I'd watch it, because some shit would be likely to get blown up real good...
But I was rereading Ellis' Authority run the other day, and it struck me then as it hadn't when I was a kid--it really isn't all that good. The characters are jerks, of course--but in retrospect the jerky dialogue often isn't even that witty. It doesn't help that every character's voice sounds like, well, Warren Ellis.
Only the Sliding Albion story had any real meat to it, with a decent, intriguing monster of a villain who has some plausible motivation and an interestingly dastardly plan. Kaizen Gammorah was okay, but nothing special, and basically admits to having no real motivation, and "God" was probably one the most underwhelming antagonists in comic book history, being basically a slightly badder-ass version of the Justice League's Starro. And, hell, Grant Morrison had, iirc, already done Starro in his JLA run by this point. Tellingly, in that two-part tale of an alien invasion by a goofy-looking cosmozoan, Morrison did not focus on Starro.

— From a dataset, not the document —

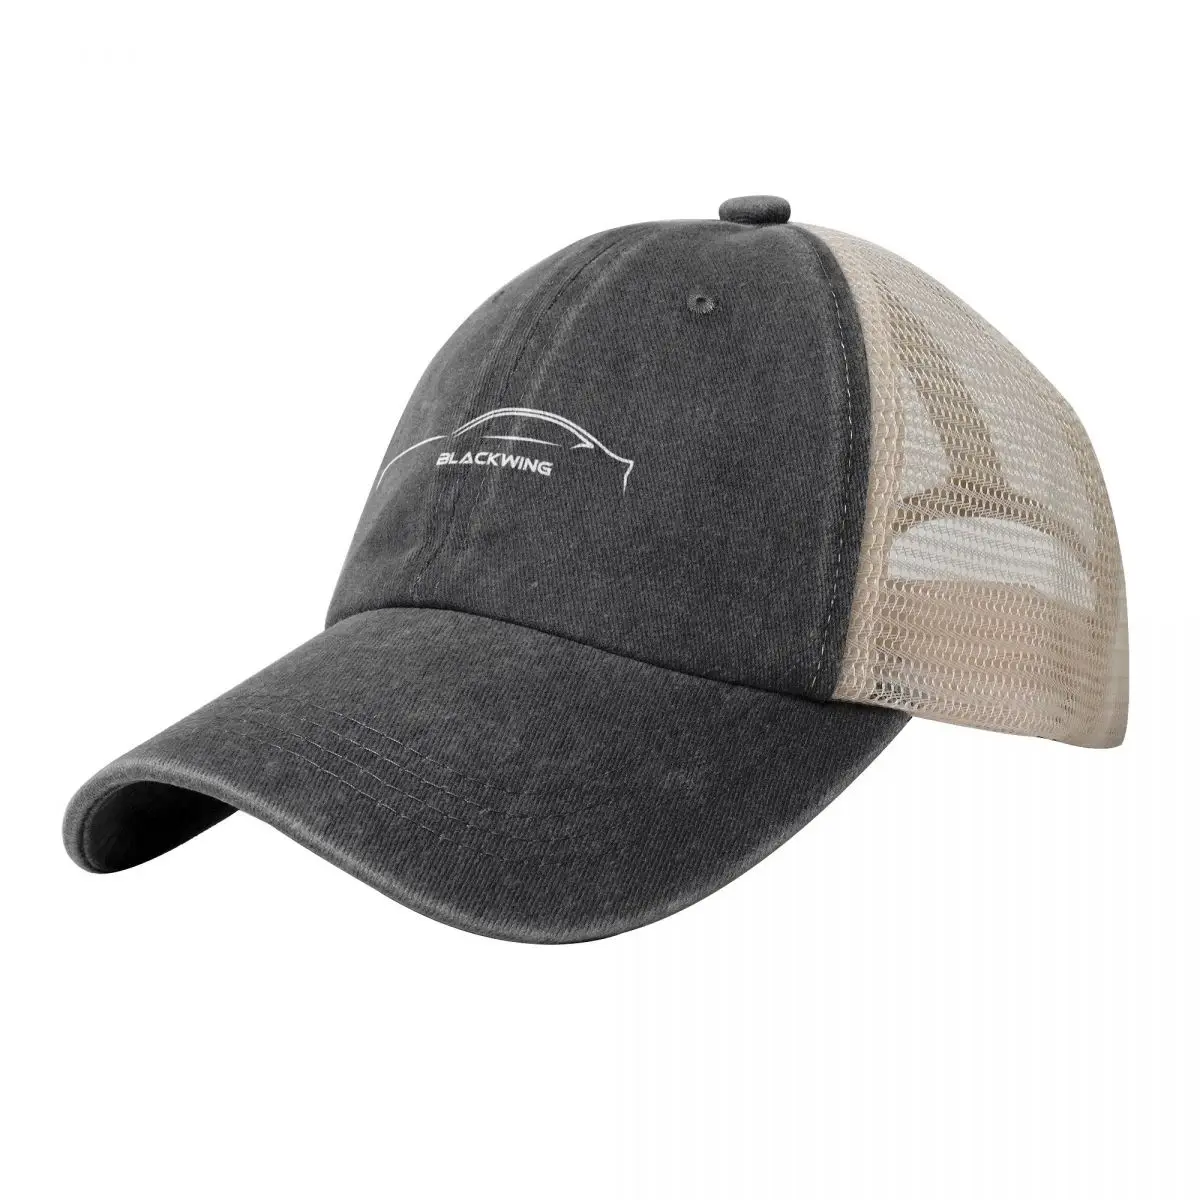 

CT5 Blackwing Outline Cowboy Mesh Baseball Cap Bobble Hat Beach Bag Sunscreen Brand Man cap For Man Women's

But the Sliding Albion arc was the one where there's a bit where the Doctor (presumably) kills like thirty or forty million civilians on Earth-Blue's Italy, basically as an act of terrorism--after the main villain has already been cut in half in a confusing, weird panel by the usually great Bryan Hitch.
I know the Authority are assholes, but that seemed a bit over-the-top even for them, particularly when nobody even comments negatively on the mass murder that didn't have a particularly pressing rationale behind it. Sure, the Engineer vaguely complains, but it's more along the lines of "wow, did we have the right to remake this planet's society?" Well, sure you did, but the tactics you chose probably resulted in about one million times as many deaths as necessary.
Again, this was the good story.
As an aside, the comic probably should've been called The Carrier, inasmuch as the Authority solved most of their problems with their ship.
The Millar/Quitely run, of course, was just plain ugly.